The product will begin as voluntary except in areas where otherwise mandated by law, the release stated. Based on input the company receives, it will then evolve to make sure there’s an equitable and inclusive privacy-friendly approach for ID verification.
Tinder plans to consider expert recommendations, member input, what documents are most appropriate in every country and local laws and regulations, according to the release.
The company has debuted other security features in recent years to cut down on anonymity, increase accountability, and allow members to stay safe in general, the release stated. Some of the new features have included Photo Verification, Noonlight, and Face-to-Face video chat.
In addition, Tinder plans to integrate with Garbo, which is a background check platform founded by women, according to the release.
“ID Verification is complex and nuanced, which is why we are taking a test-and-learn approach to the rollout,” said Tinder Head of Trust and Safety Product Rory Kozoll in the release. “We know one of the most valuable things Tinder can do to make members feel safe is to give them more confidence that their matches are authentic and more control over who they interact with. And we hope all our members worldwide will see the benefits of interacting with people who have gone through our ID verification process. We look forward to a day when as many people as possible are verified on Tinder.”

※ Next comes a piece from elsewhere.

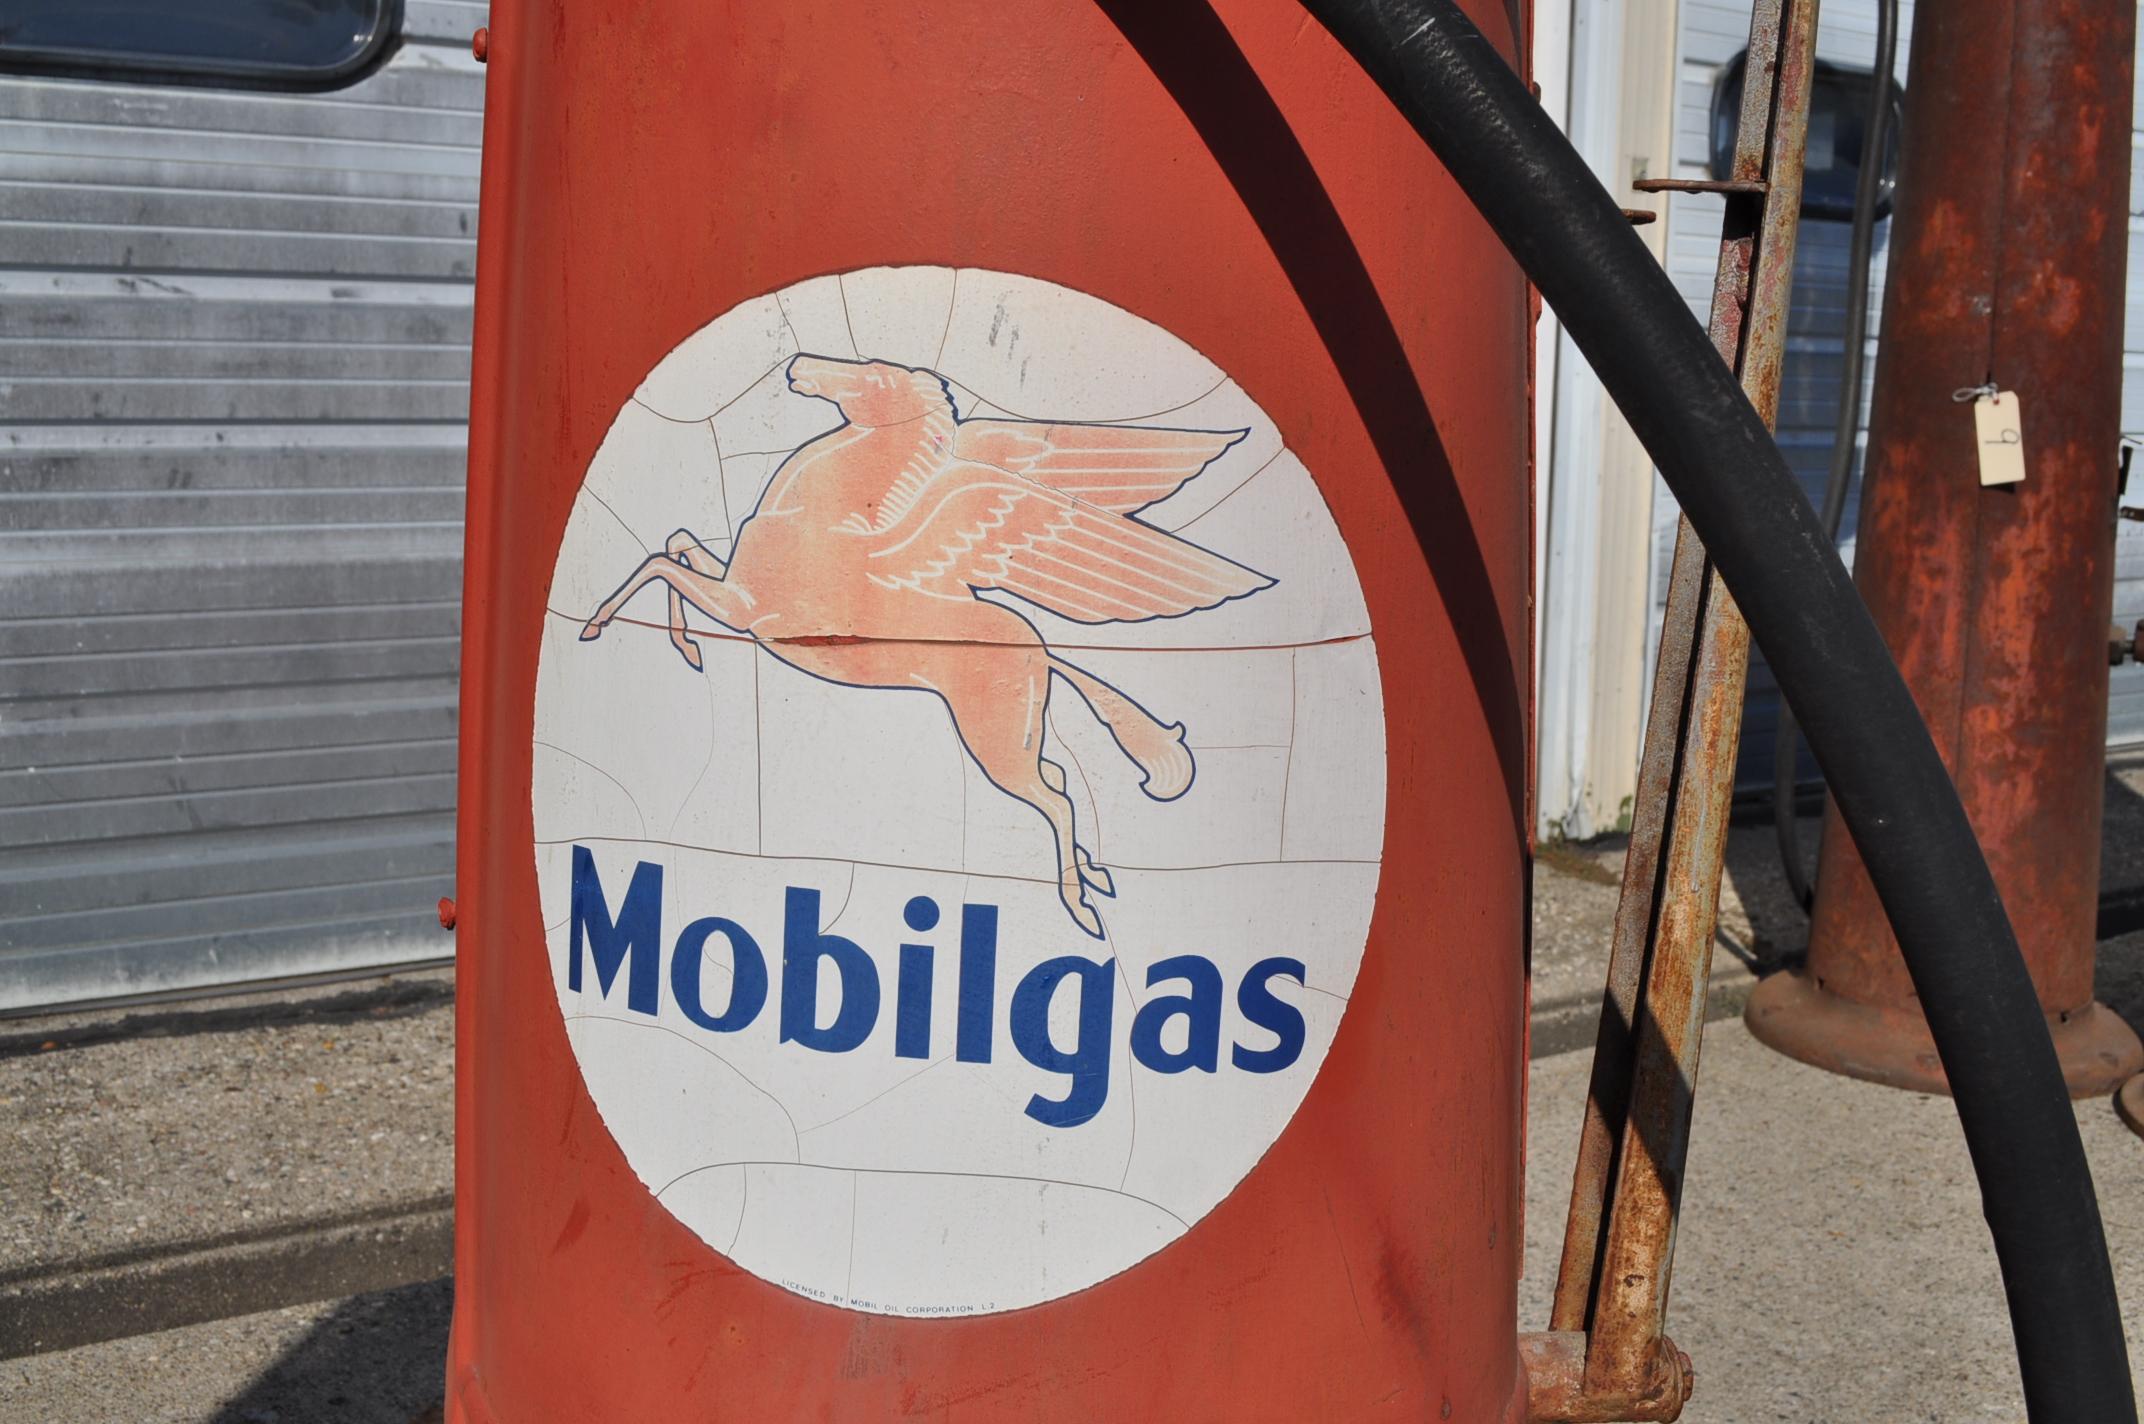 Gilbert and Barker 10 Gallon Visible Gas Pump With Mobilgas Sticker

Match Group Vice President of Safety and Social Advocacy Tracey Breeden said in the release it would be tough to create a “truly equitable” ID verification solution because in several parts of the world, along with traditionally marginalized communities, people may have good reasons for not sharing their real identities.
Distinguishing fake identities on social media platforms has traditionally been tough because fraudsters can tap previously stolen information to build identities that are realistic enough to fool verification measures.